为什么在结构中没有填充只有“字符”类型成员? [英] Why is there no padding in the structure for only "char" type members?
问题描述
我在结构中只声明了 char
类型成员。
#include< stdio.h>
struct st
{
char c1;
char c2;
char c3;
char c4;
char c5;
};
int main(){
struct st s;
printf(%zu\\\
,sizeof(s));
返回0;
}
输出: [现场演示]
5
那么,为什么没有填充结构中只有 char
类型成员?
结构中的填充(主要)强制个别 em>会员符合他们的基本对准要求,即( C11 3.2p1 ):
要求特定类型的对象位于具有地址的存储边界上是字节地址的特定倍数
结构中间和结尾处的填充用于确保即使在这些结构的数组中,每个成员仍然会根据其对齐要求对齐。 C11 6.2.8p1 :
完整的对象类型具有对齐要求,这些对齐要求限制了可以分配该类型对象的地址。对齐是实现定义的整数值,表示可以分配给定对象的连续地址之间的字节数。对象类型对该类型的每个对象强加一个对齐要求:可以使用_Alignas关键字请求更严格的对齐。
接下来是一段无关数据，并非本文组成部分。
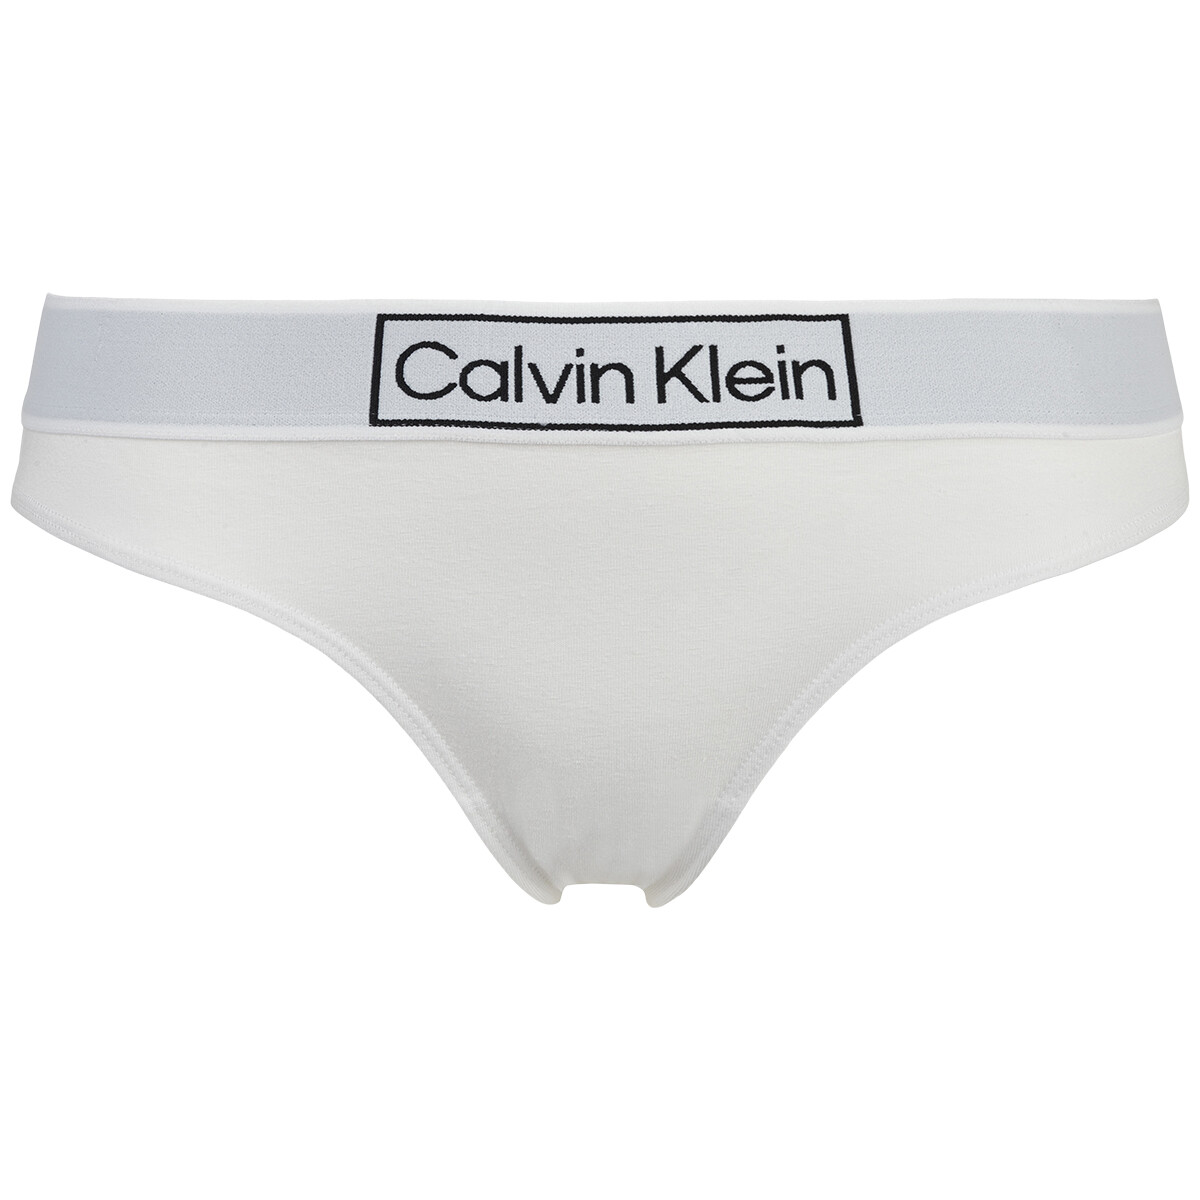 Calvin Klein Lingeri Tai Trusse, Farve: Hvid, Størrelse: L, Dame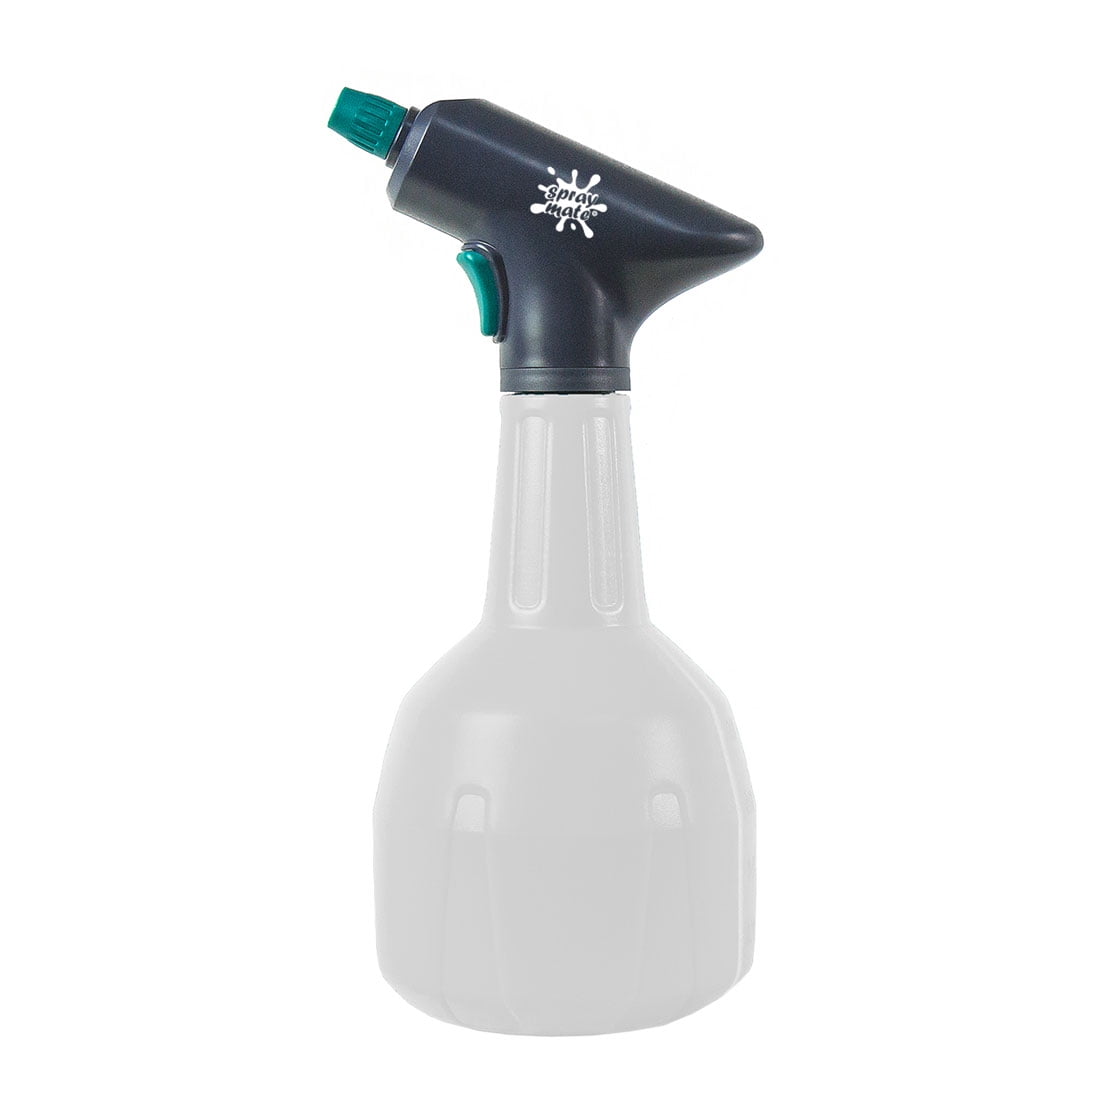 FERNDALE MASTISOL Liquid Medical Skin Adhesive Glue 15mL Bottle 0523-15  06/25

现在,每个其他类型的对齐要求都是实现定义的,但有一点是隐含的:因为对齐要求表达为为size_t
; sizeof(char)
是1,并且可以使用指向字符类型的指针来处理其他类型中的每个单独字符,字符类型不能具有超过1的基本对齐要求令人惊讶的是,这在C标准中没有详细说明;它只是有这个模糊的措辞( C11 6.2.8p6
$ b
类型
char
,signed char
和无符号字符
应该具有最弱的对齐要求。
由于 I have declared only Output: [Live Demo] So, why is there no padding in the structure for only The padding in structure exist (mostly) to enforce that the individual members are aligned to their fundamental alignment requirement, i.e. (C11 3.2p1): requirement that objects of a particular type be located on storage boundaries with addresses that are particular multiples of a byte address The padding in the middle and at the end of the structure is used to ensure that even within an array of these structures, each member will be still aligned according to their alignment requirement. C11 6.2.8p1: Complete object types have alignment requirements which place restrictions on the addresses at which objects of that type may be allocated. An alignment is an implementation-defined integer value representing the number of bytes between successive addresses at which a given object can be allocated. An object type imposes an alignment requirement on every object of that type: stricter alignment can be requested using the _Alignas keyword. Now, the alignment requirement of every other type is implementation-defined, but one thing is implied: since the alignment requirement is expressed in The types As the alignment of 这篇关于为什么在结构中没有填充只有“字符”类型成员?的文章就介绍到这了,希望我们推荐的答案对大家有所帮助,也希望大家多多支持IT屋! char
的对齐最多为1,所以编译器不需要添加任何填充,因为即使结构长度恰好为5个字节,即使在一个数组中,一些结构从奇数地址开始,这些结构的每个成员仍然会正确对齐。 / p> char
type members in the structure.#include <stdio.h>
struct st
{
char c1;
char c2;
char c3;
char c4;
char c5;
};
int main() {
struct st s;
printf("%zu\n", sizeof(s));
return 0;
}
5
char
type members?
size_t
; sizeof (char)
is 1, and pointers to character types can be used to address each individual character in other types, a character type cannot have a fundamental alignment requirement of more than 1. Surprisingly this is not spelt out in the C standard at all; it just has this this vague wording (C11 6.2.8p6):
char
, signed char
, and unsigned char
shall have the weakest alignment requirement. char
is at most 1, the compiler need not add any padding, because even if the structure is exactly 5 bytes long, then even in an array, with some structures starting at odd address, each of the members of those structures would still be properly aligned.